WORK TO BE COMPLETED: Set down the full listing exactly as given. Any pictures are to be left out.

[[ EXERCISE DATA open ]]

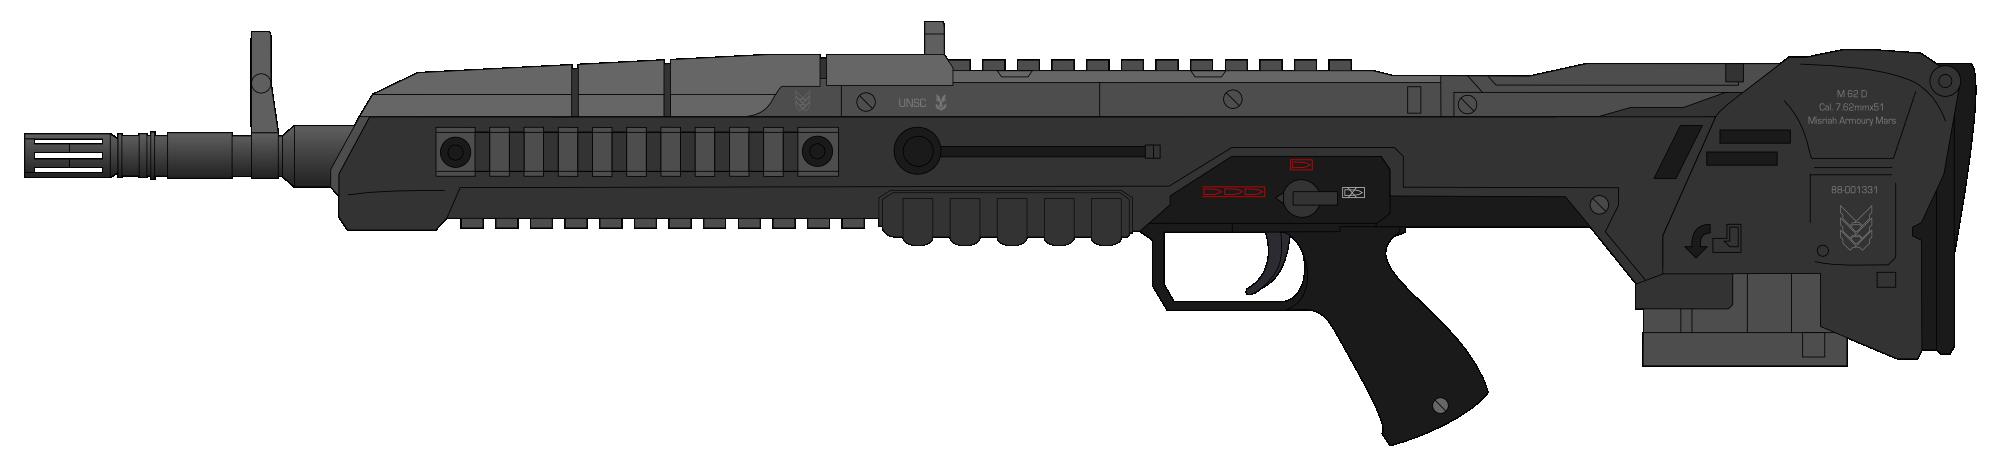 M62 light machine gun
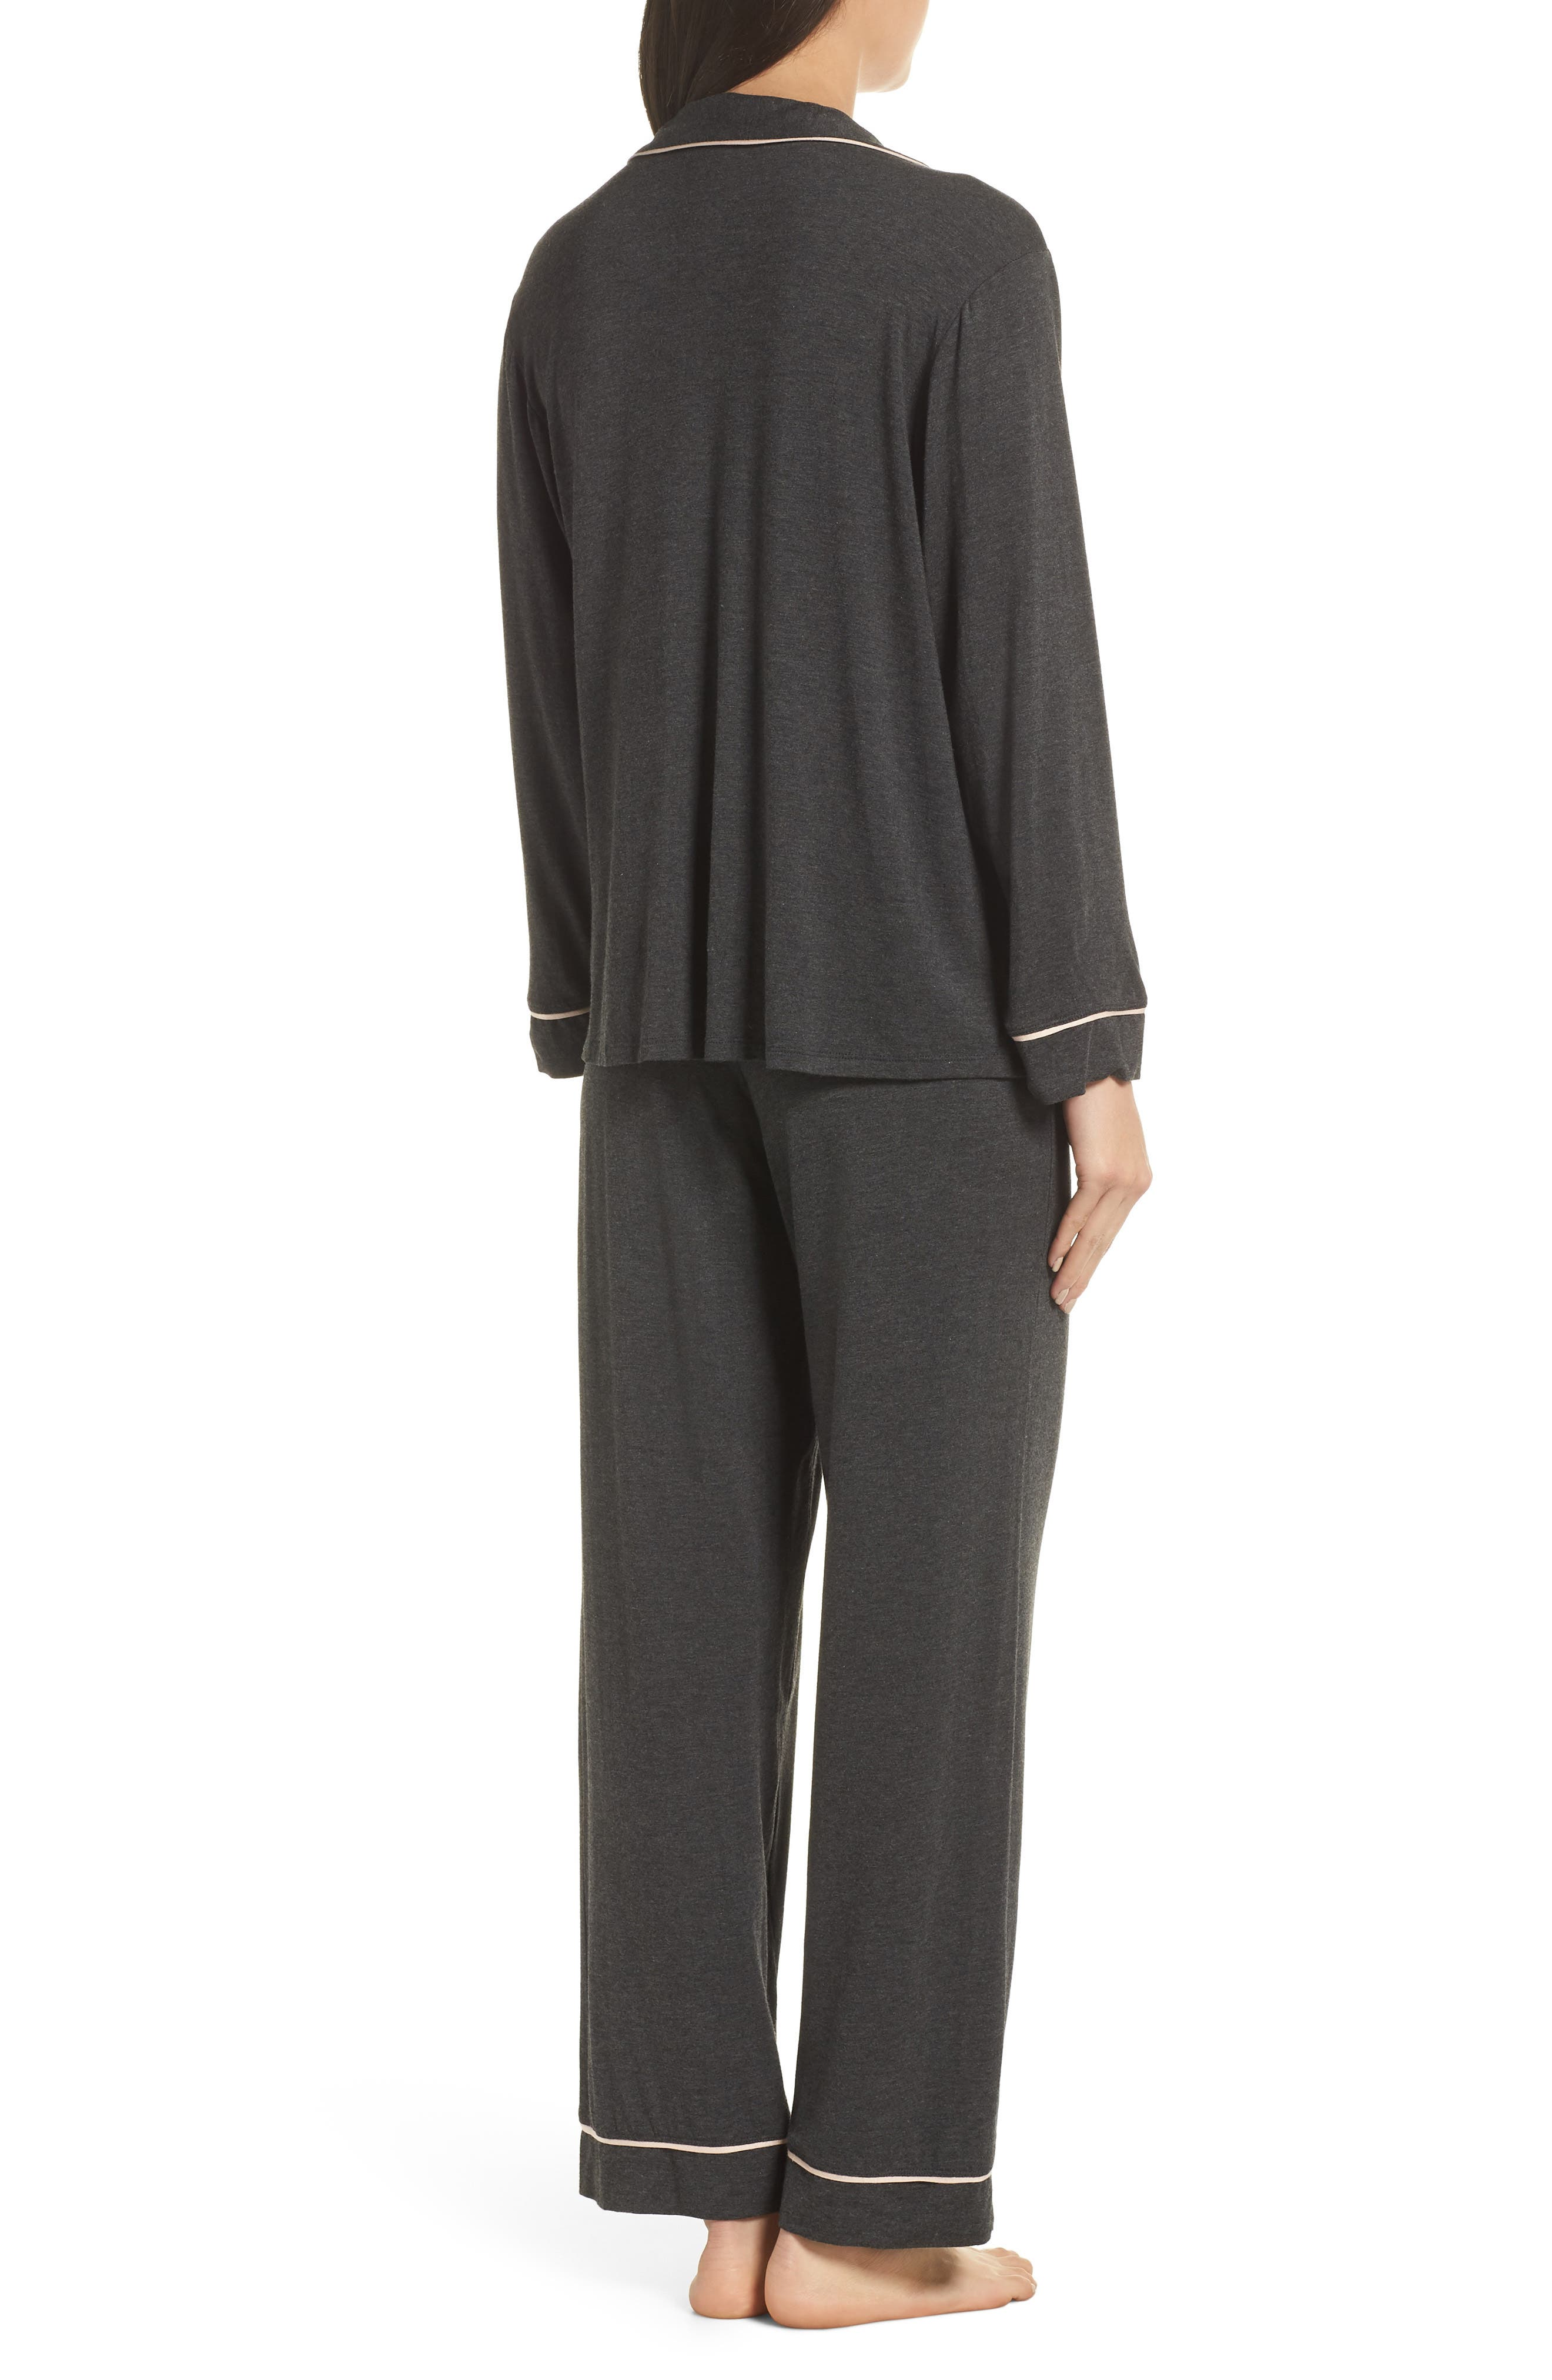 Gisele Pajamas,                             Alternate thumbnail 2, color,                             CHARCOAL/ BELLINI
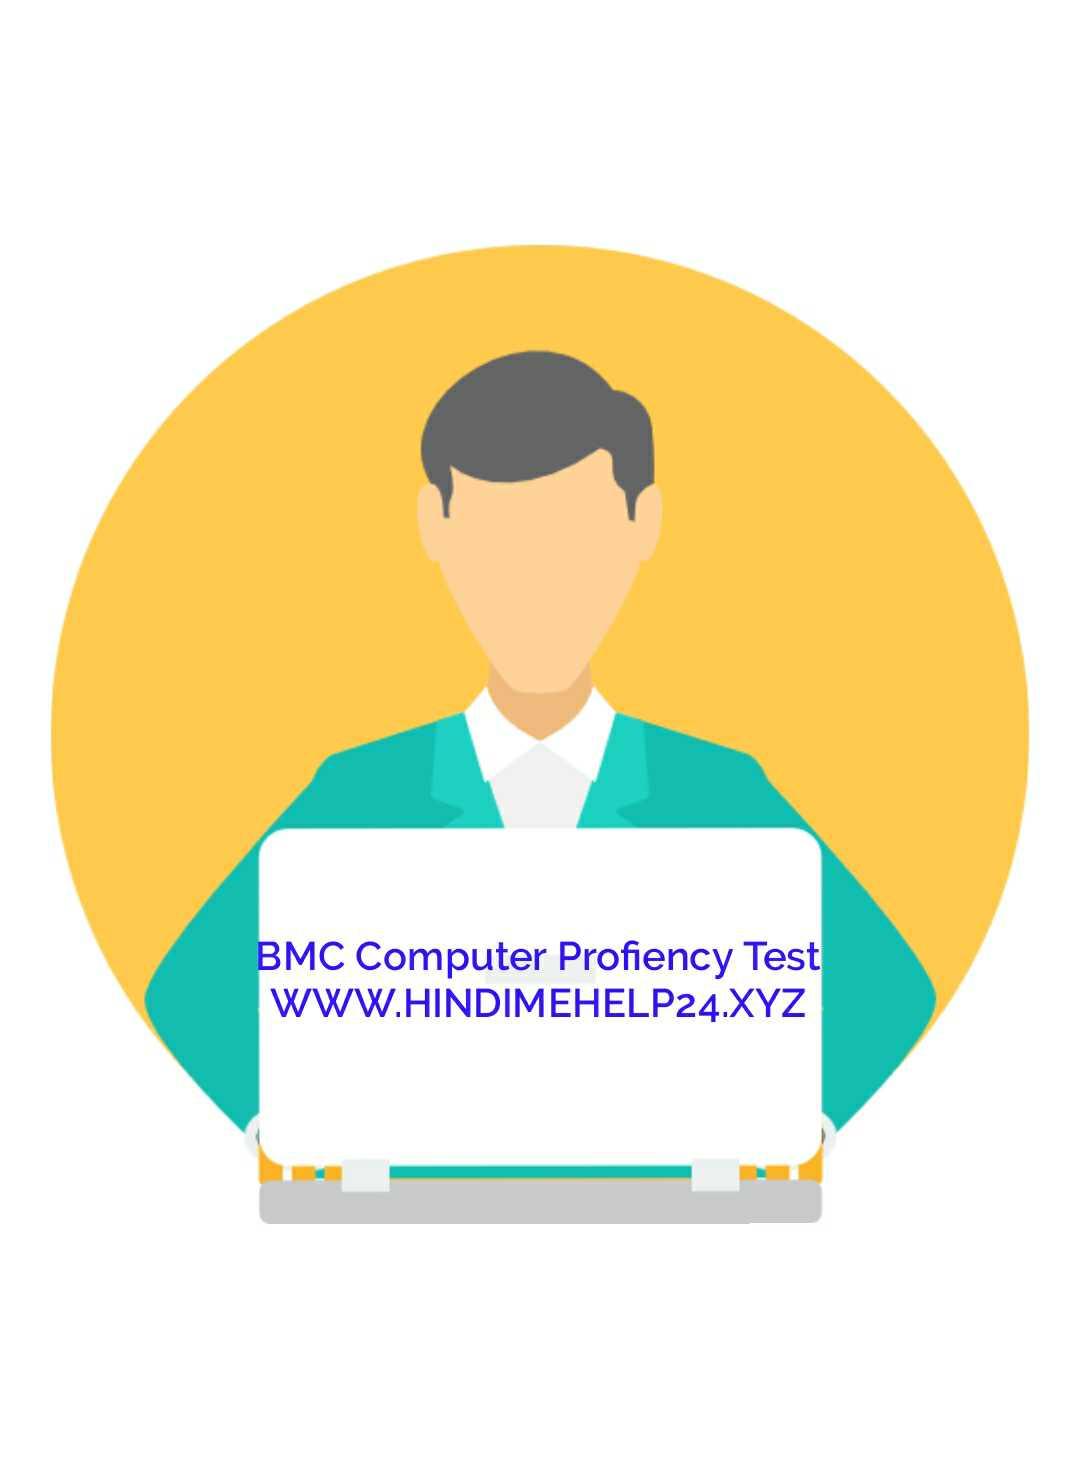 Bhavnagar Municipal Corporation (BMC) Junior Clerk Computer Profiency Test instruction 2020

[[ EXERCISE DATA closed ]]

WRITTEN SOLUTION:
 M62 light machine gun
 Gisele Pajamas,                             Alternate thumbnail 2, color,                             CHARCOAL/ BELLINI
 Bhavnagar Municipal Corporation (BMC) Junior Clerk Computer Profiency Test instruction 2020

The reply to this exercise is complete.